5. Society: This one runs a whole gamut – ever seen October Sky – a true story about a young lad stuck in a Pennsylvania coal mining town in the 1950s with no hope of ever escaping the fate of becoming a miner. (If you haven’t seen this lovely movie with Jake Gyllenhaal, Laura Dern and Chris Cooper, go rent it this weekend, it’s wonderful.) In a sci-fi society, see Blade Runner, or even The Matrix.

6. Forces of Nature: Fire – like Backdraft, or other natural disasters such as Twister, Dante’s Peak, Volcano, or The Perfect Storm.

Hmm, so where does The Firm fall? Is Tom Cruise facing a group or an institution? Or Signs? Is the alien invasion in that movie a Group? Or an Extraordinary Circumstance? In either case, there is definitely an external conflict moving the storyline along.

For my story, I’ve done a bit of brainstorming with Sue, and I’ve decided to use an individual to make it more personal. Now I just have to figure out the heroine’s Internal Conflict – which perhaps will be tomorrow’s blog.

You want conflict?

2 thoughts on “You want conflict?

  • August 3, 2007 at 4:59 am

    This is great!

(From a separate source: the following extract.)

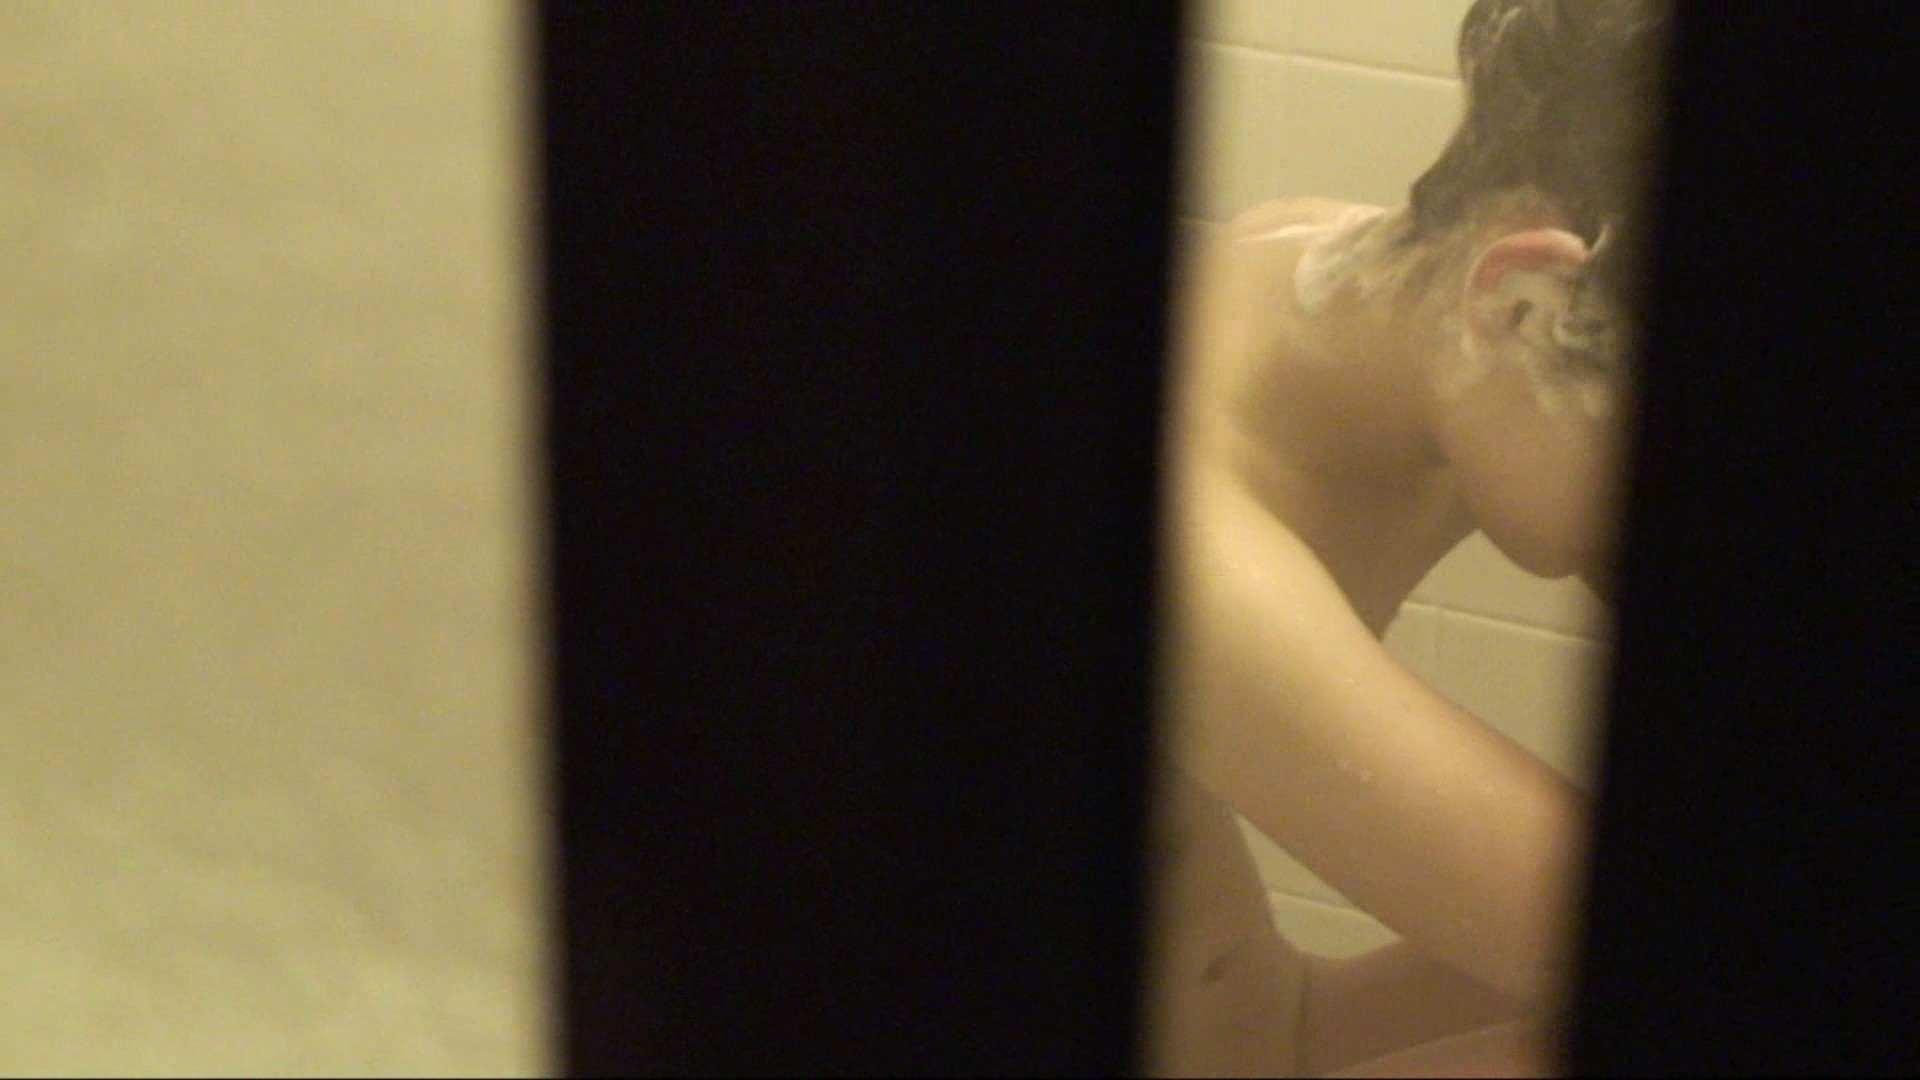 vol.02超可愛すぎる彼女の裸体をハイビジョンで!至近距離での眺め最高! OL女体 ヌード画像 94連発 26

I’m cleaning up the external conflict in my current story, so I’ll have to review these again.

    And isn’t it sad how expensive text books are.

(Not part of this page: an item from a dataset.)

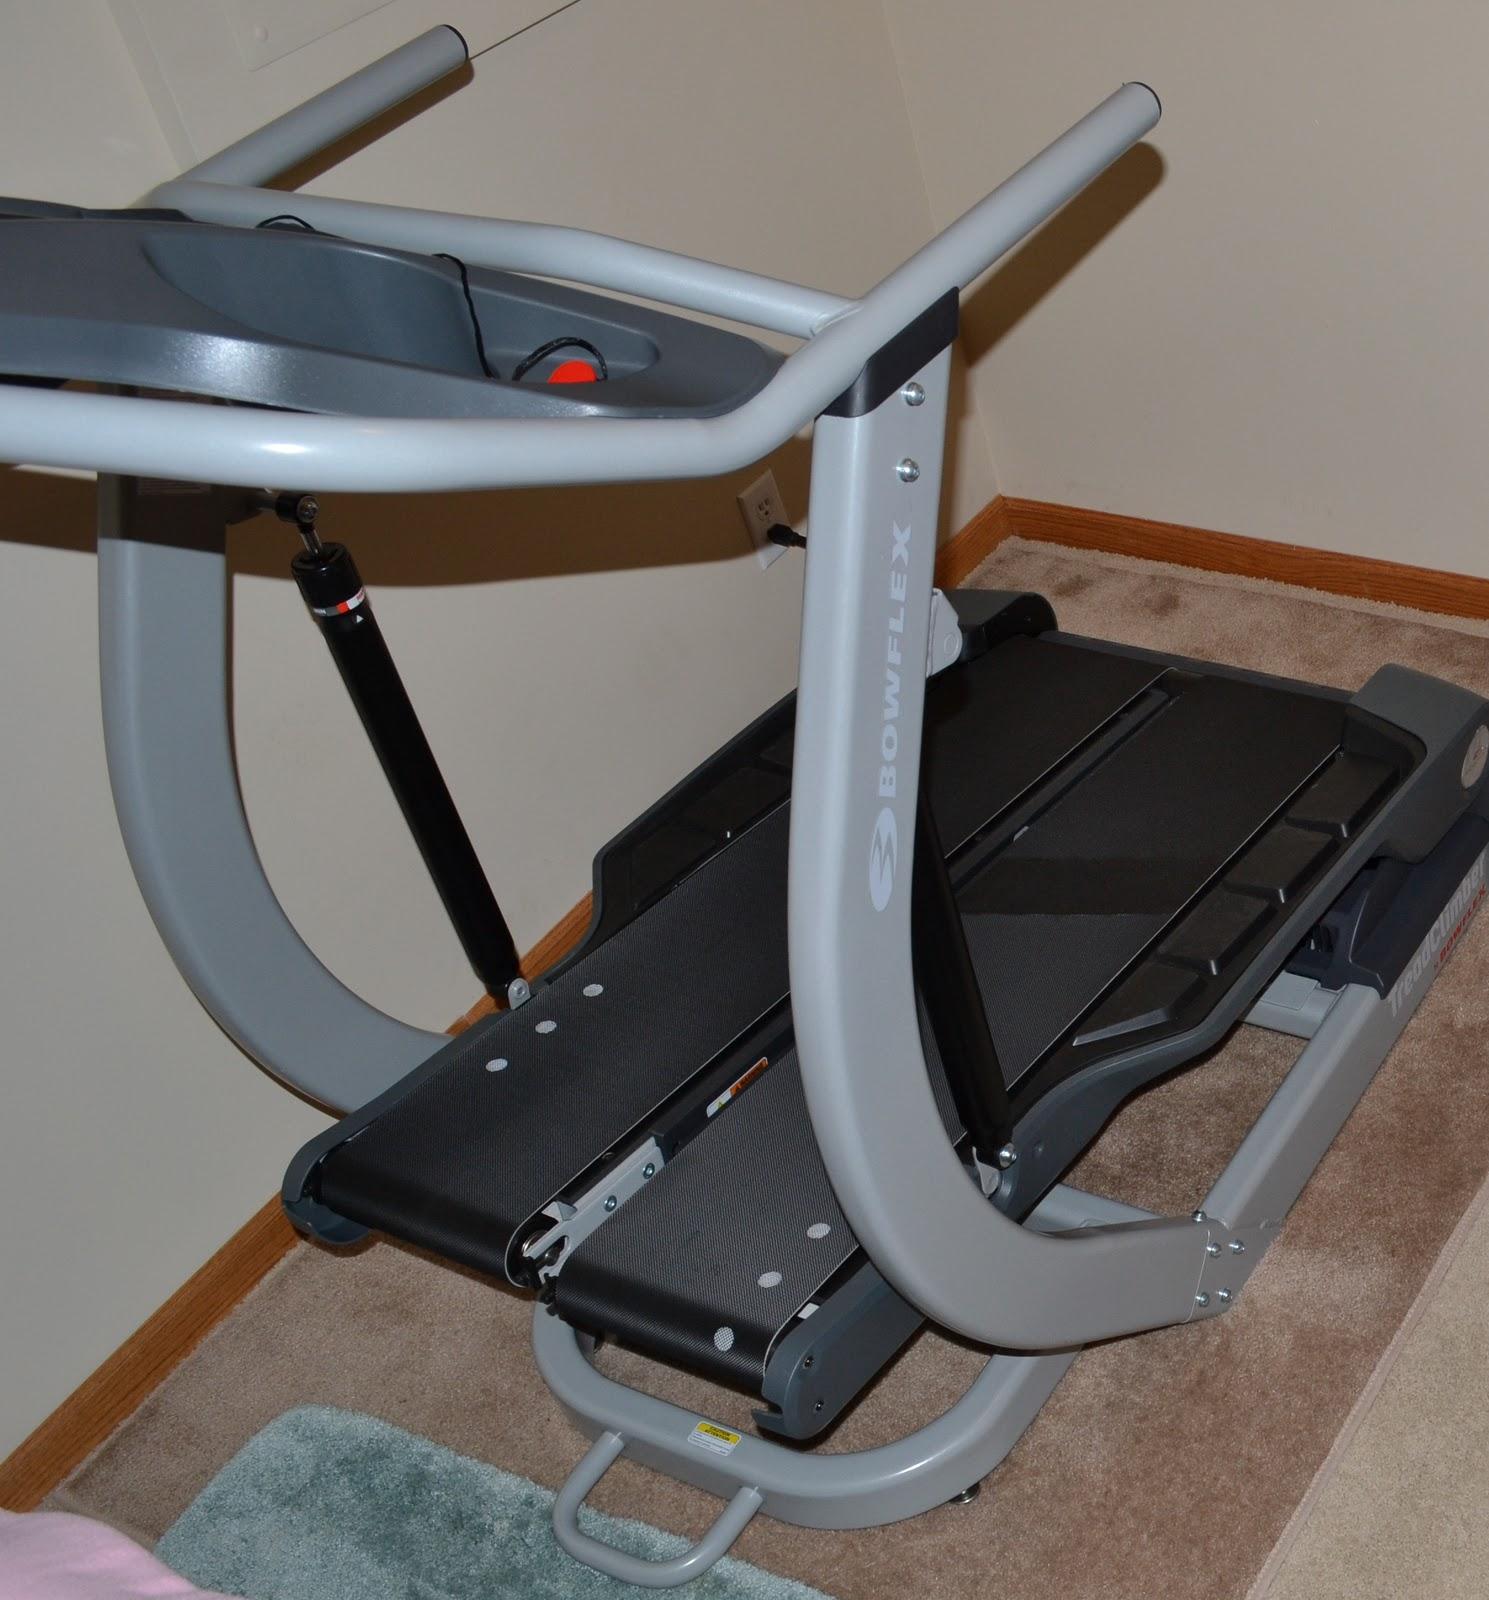 Treadclimber machines treadclimber review diary of a semi health nut

  • August 6, 2007 at 5:51 pm

    It took me a long time to really wrap my head around how much conflict drives a story.

    I remember at a local meeting, we were talking about it and how you could provide conflict and deepen characterization at the same time by giving your protag a choice between a bad thing and a really bad thing.

    But it all really clicked when one of the members argued that wasn’t good enough – the protag had to be faced with two – equally – really bad choices. It started to come together for me at that point and the longer I write the more true I find it to be.